* [Problem details]: In the records below, reproduce exactly the lines from the one containing "皇家凯馥酒店(Hotel Cafe Royal)【" through the one containing "Hood, 2019, acrylic", both included, and omit the pictures.

* [Supplied material]:
>>>
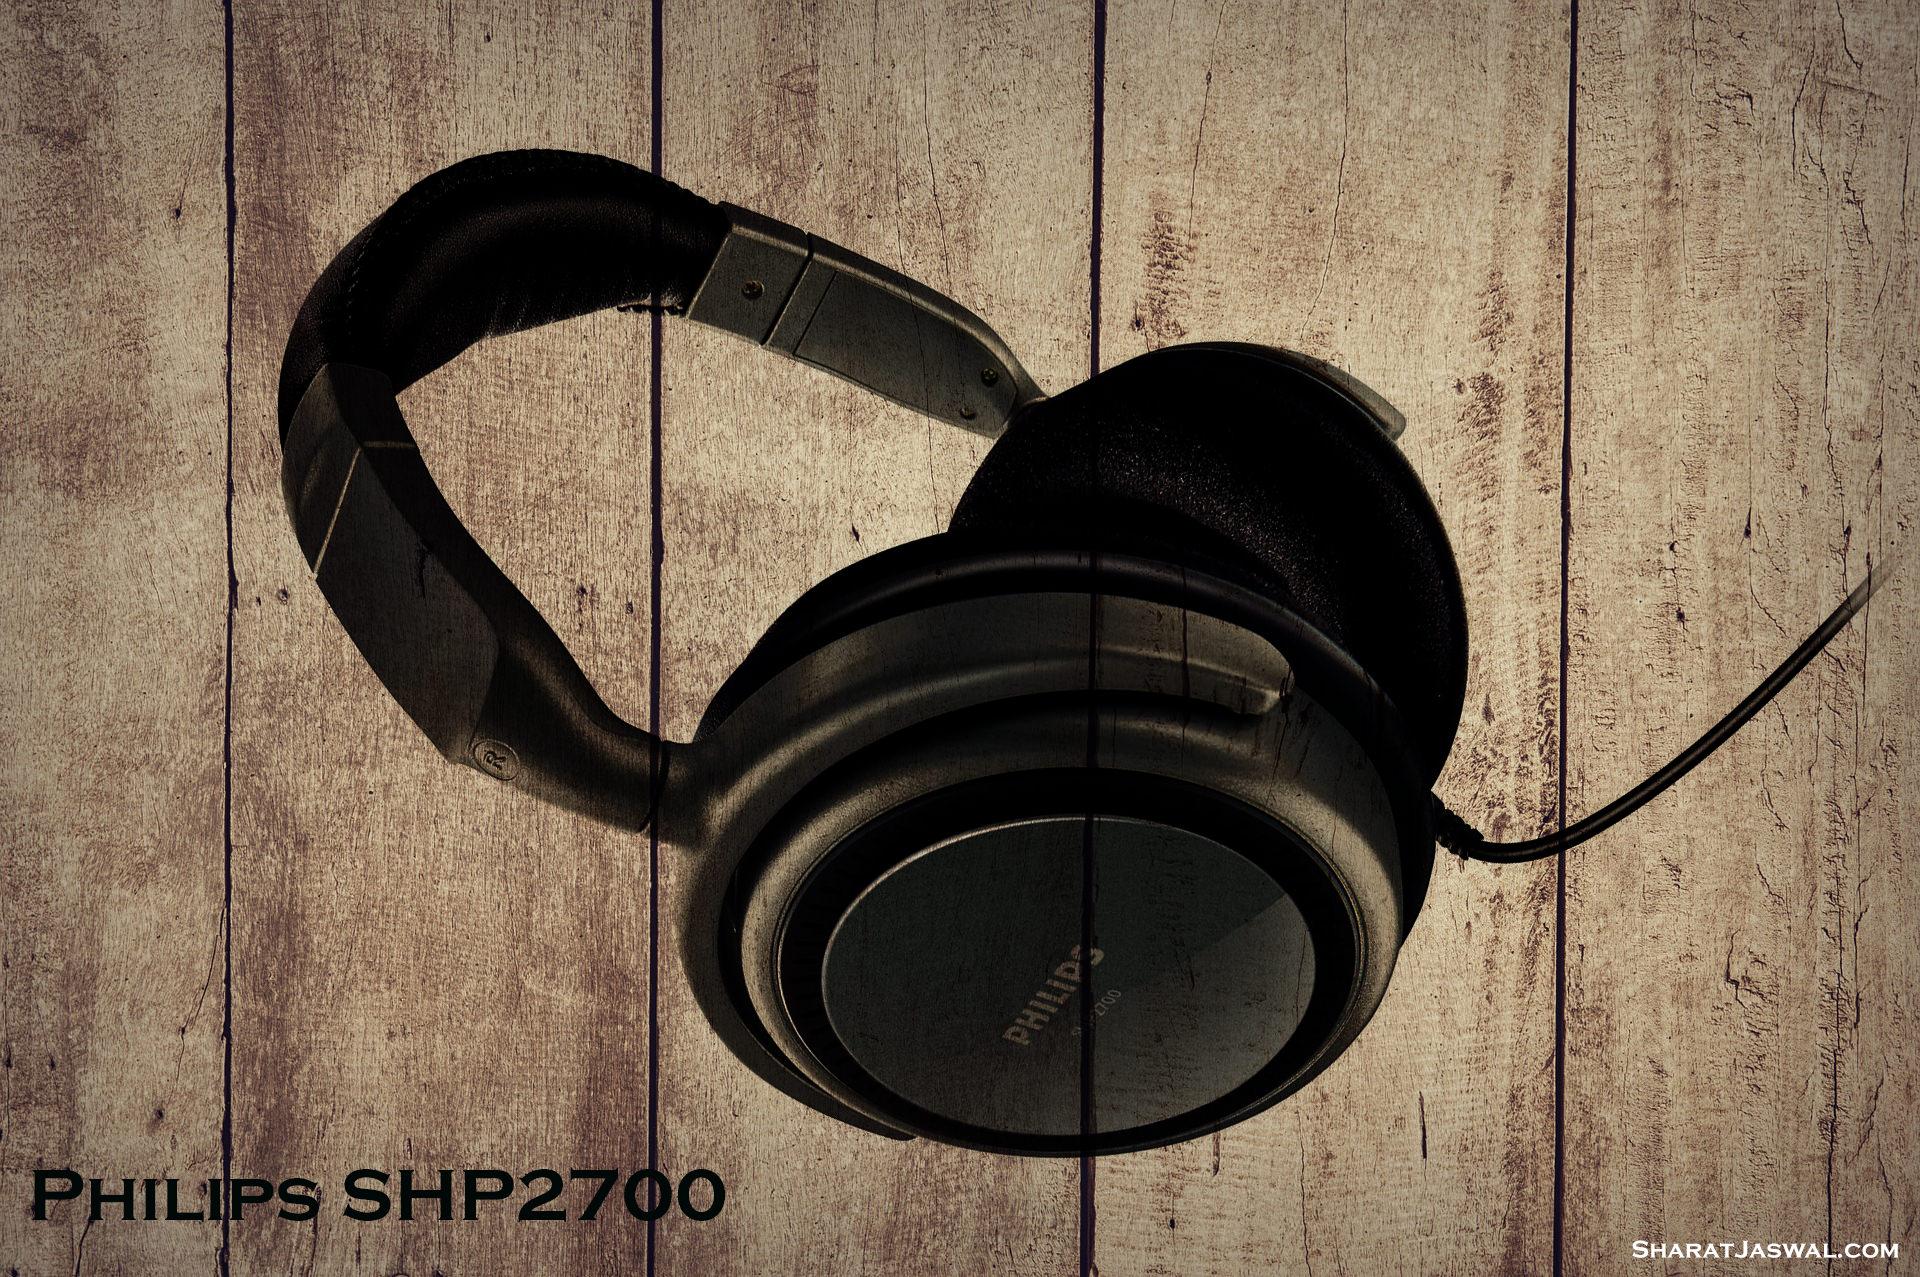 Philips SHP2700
<<<
>>>
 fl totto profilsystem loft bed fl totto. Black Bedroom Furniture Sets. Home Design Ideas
<<<
>>>
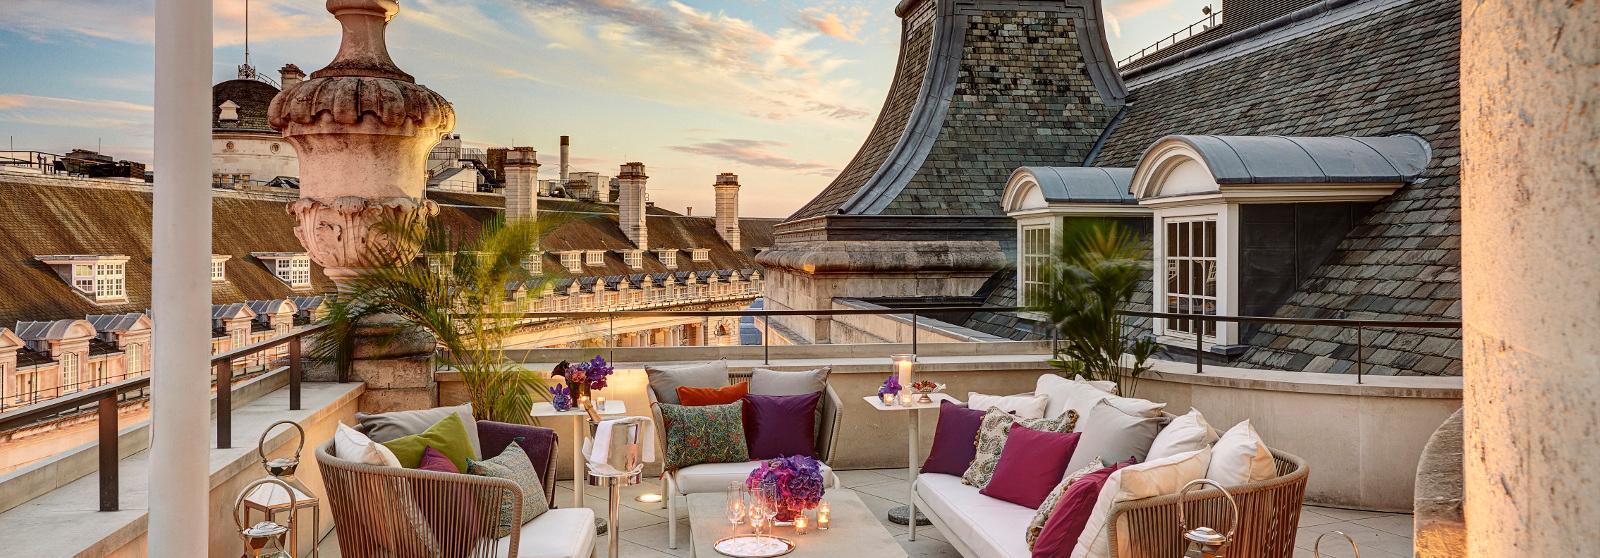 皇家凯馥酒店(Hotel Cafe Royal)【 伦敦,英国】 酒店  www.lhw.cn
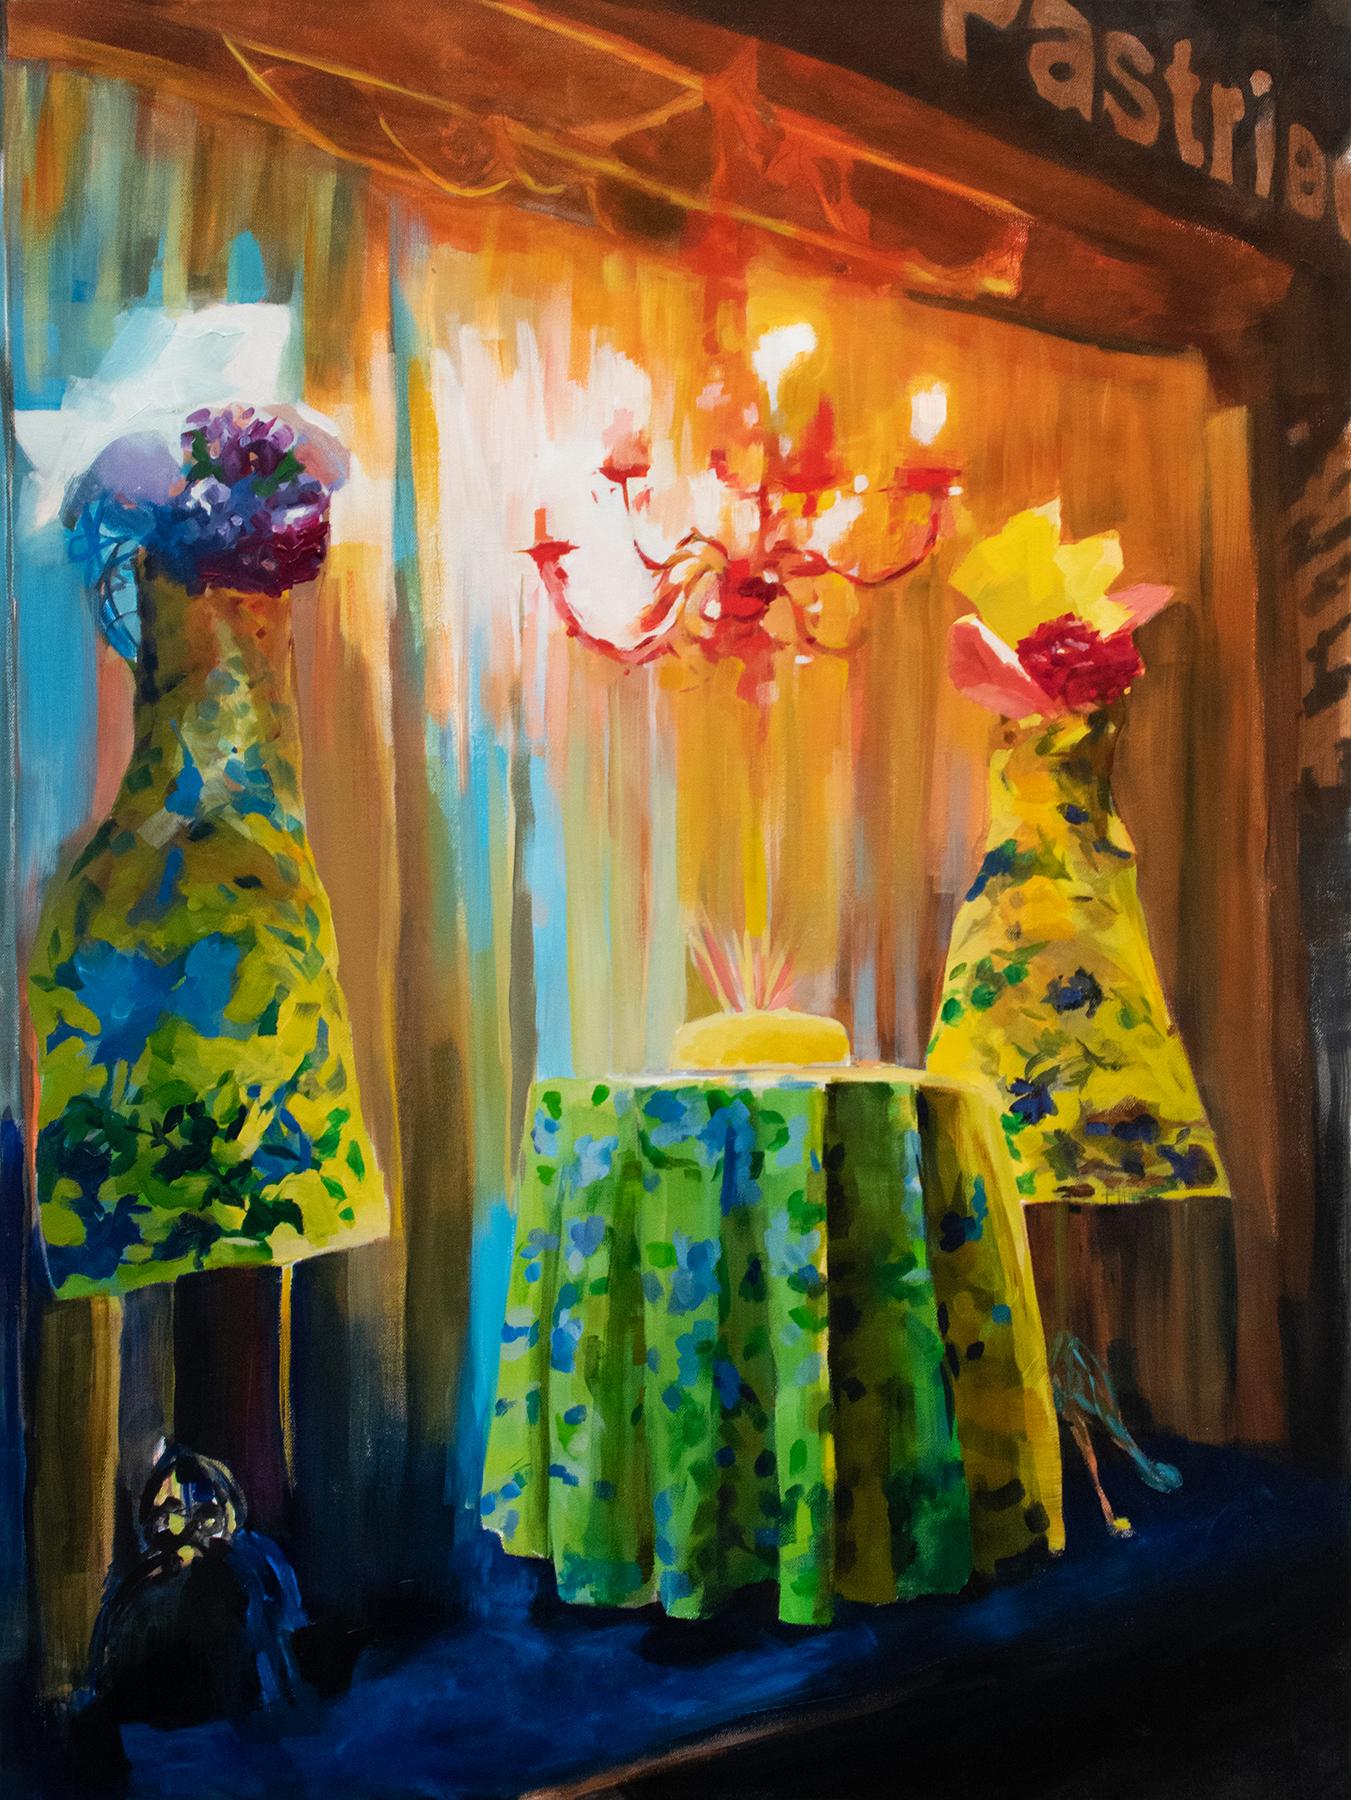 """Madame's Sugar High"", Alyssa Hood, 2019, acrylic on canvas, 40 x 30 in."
<<<
* [Worked solution]:
 皇家凯馥酒店(Hotel Cafe Royal)【 伦敦,英国】 酒店  www.lhw.cn
 """Madame's Sugar High"", Alyssa Hood, 2019, acrylic on canvas, 40 x 30 in."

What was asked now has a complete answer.